**Task prompt:**
From the records below, print only the part that opens with the line containing "Old Fashioned Movie" and closes with the line containing "Commercial transport service"; omit the pictures.

──────── Material provided ────────

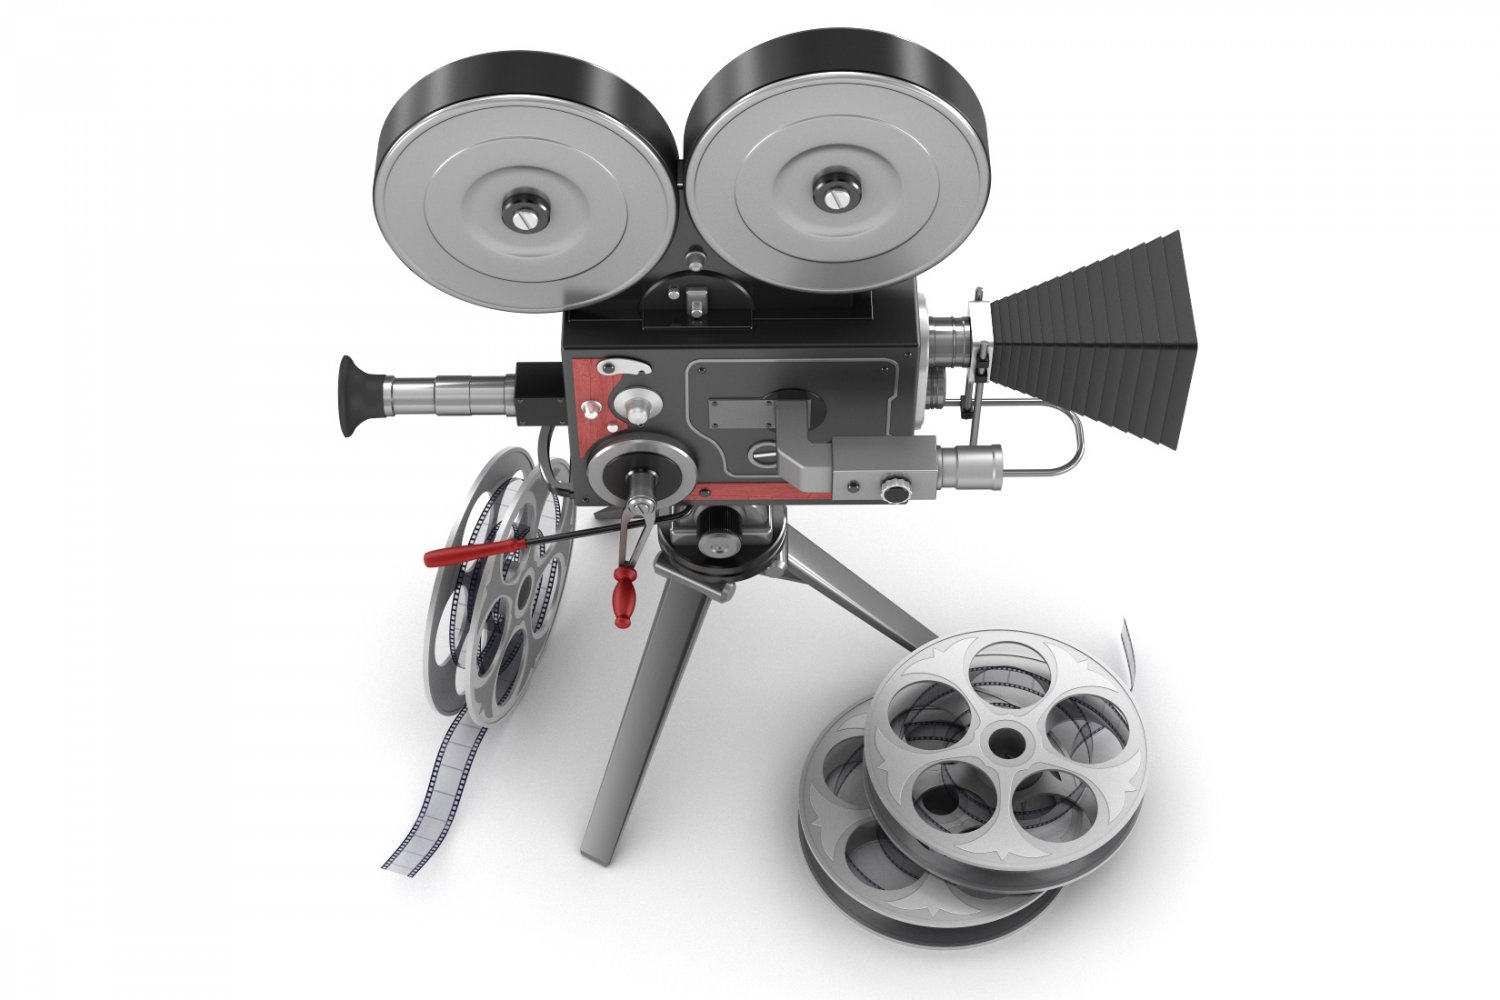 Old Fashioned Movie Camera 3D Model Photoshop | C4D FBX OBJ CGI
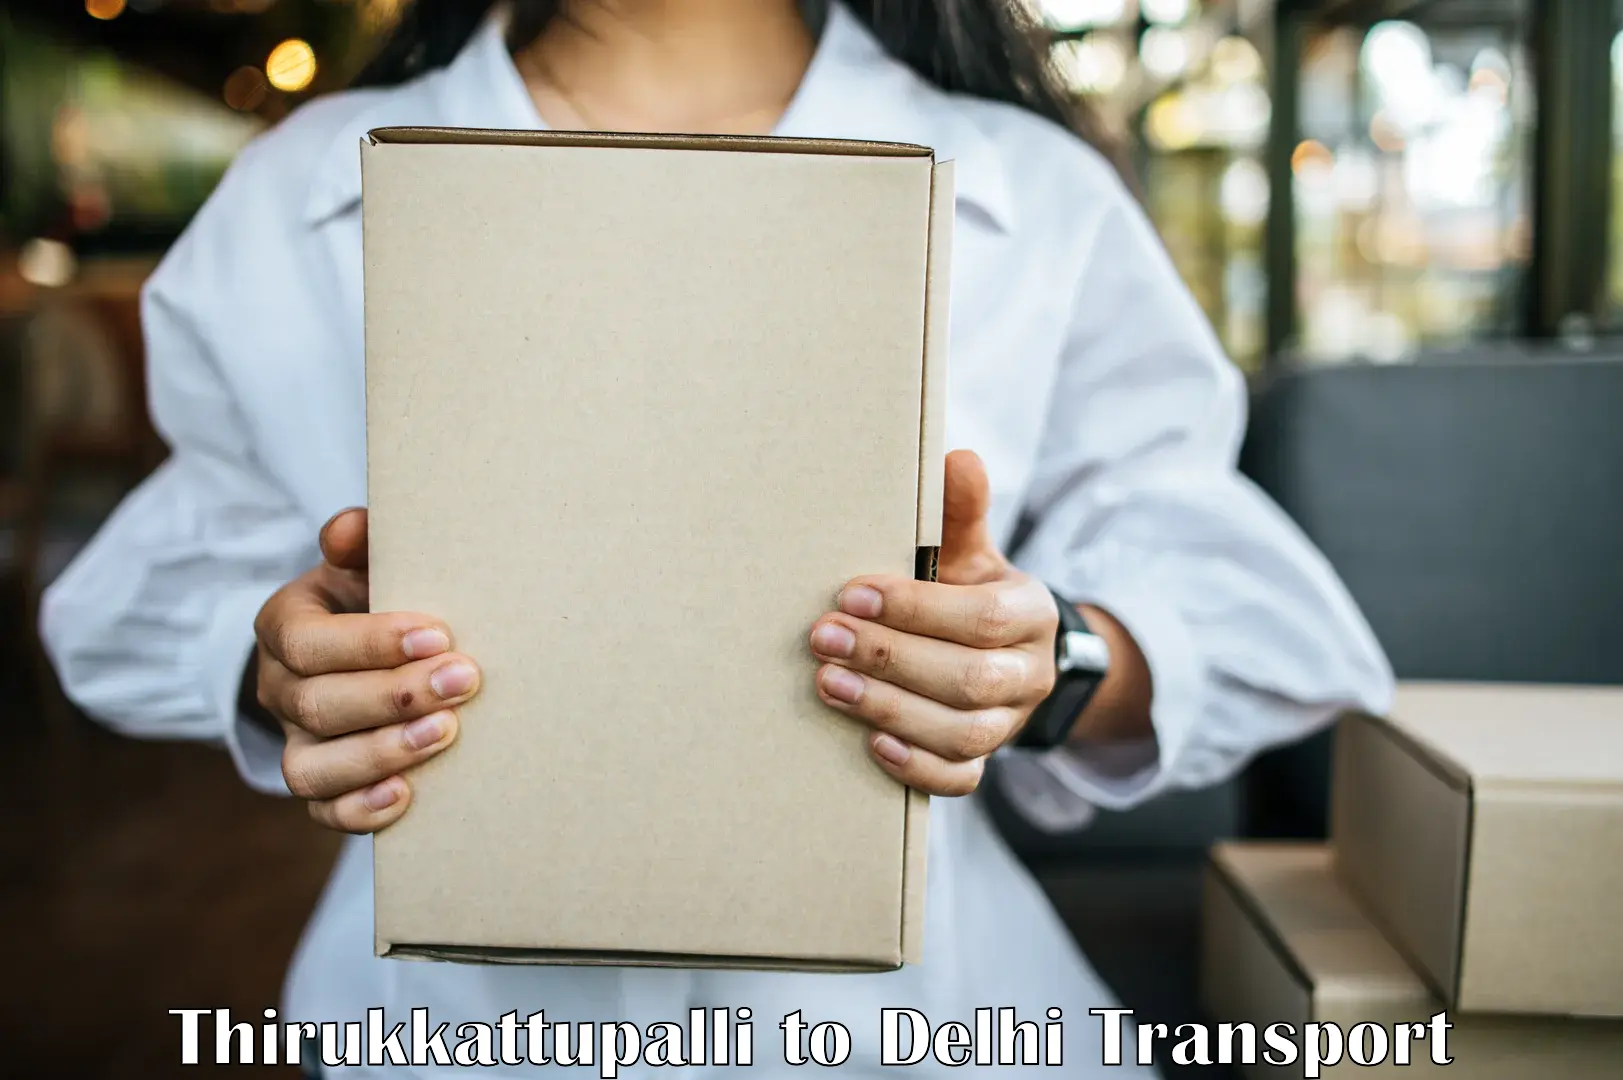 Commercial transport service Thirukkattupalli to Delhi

────────
──────── Material provided ────────

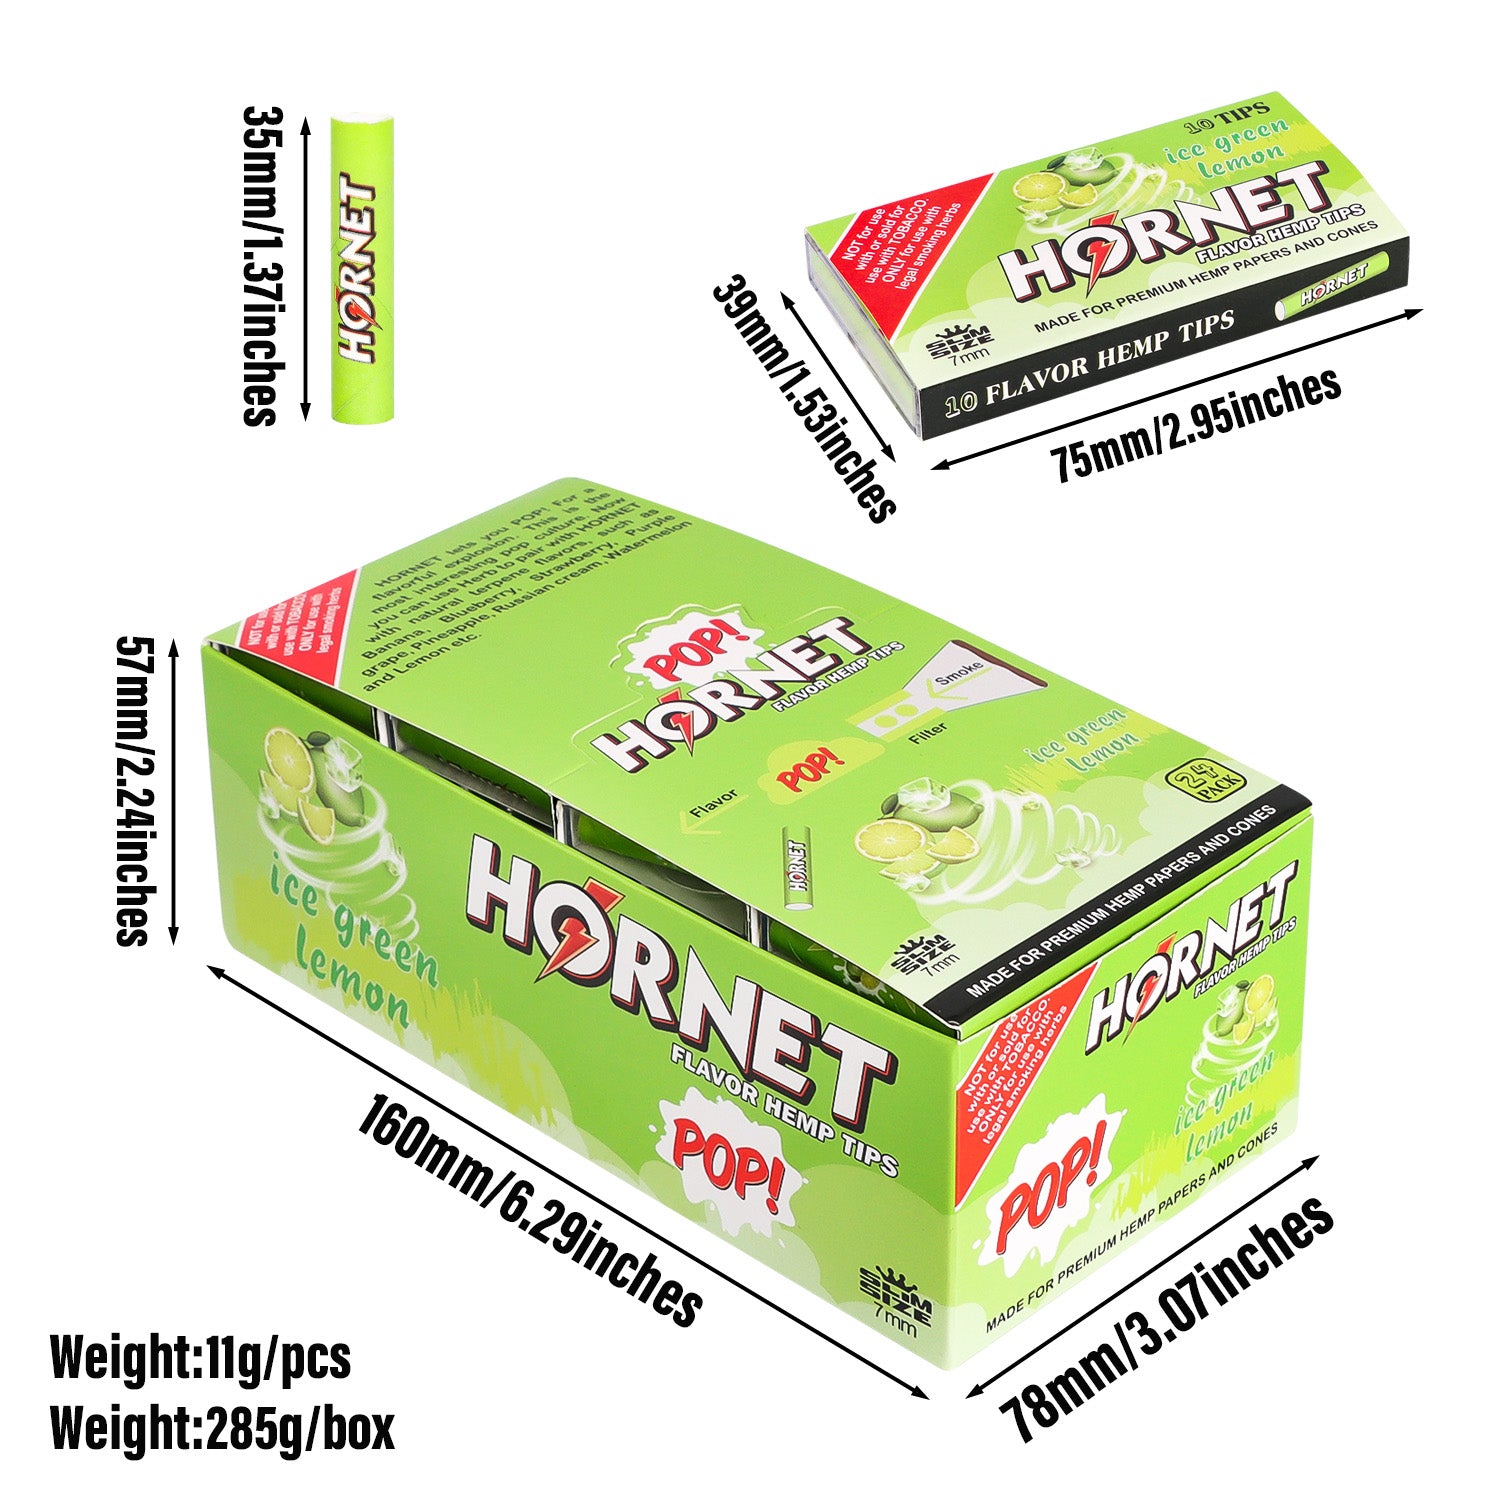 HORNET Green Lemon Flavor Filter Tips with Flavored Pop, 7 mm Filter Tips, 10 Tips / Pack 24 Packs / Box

────────

**Exercise output:**
 Old Fashioned Movie Camera 3D Model Photoshop | C4D FBX OBJ CGI
 Commercial transport service Thirukkattupalli to Delhi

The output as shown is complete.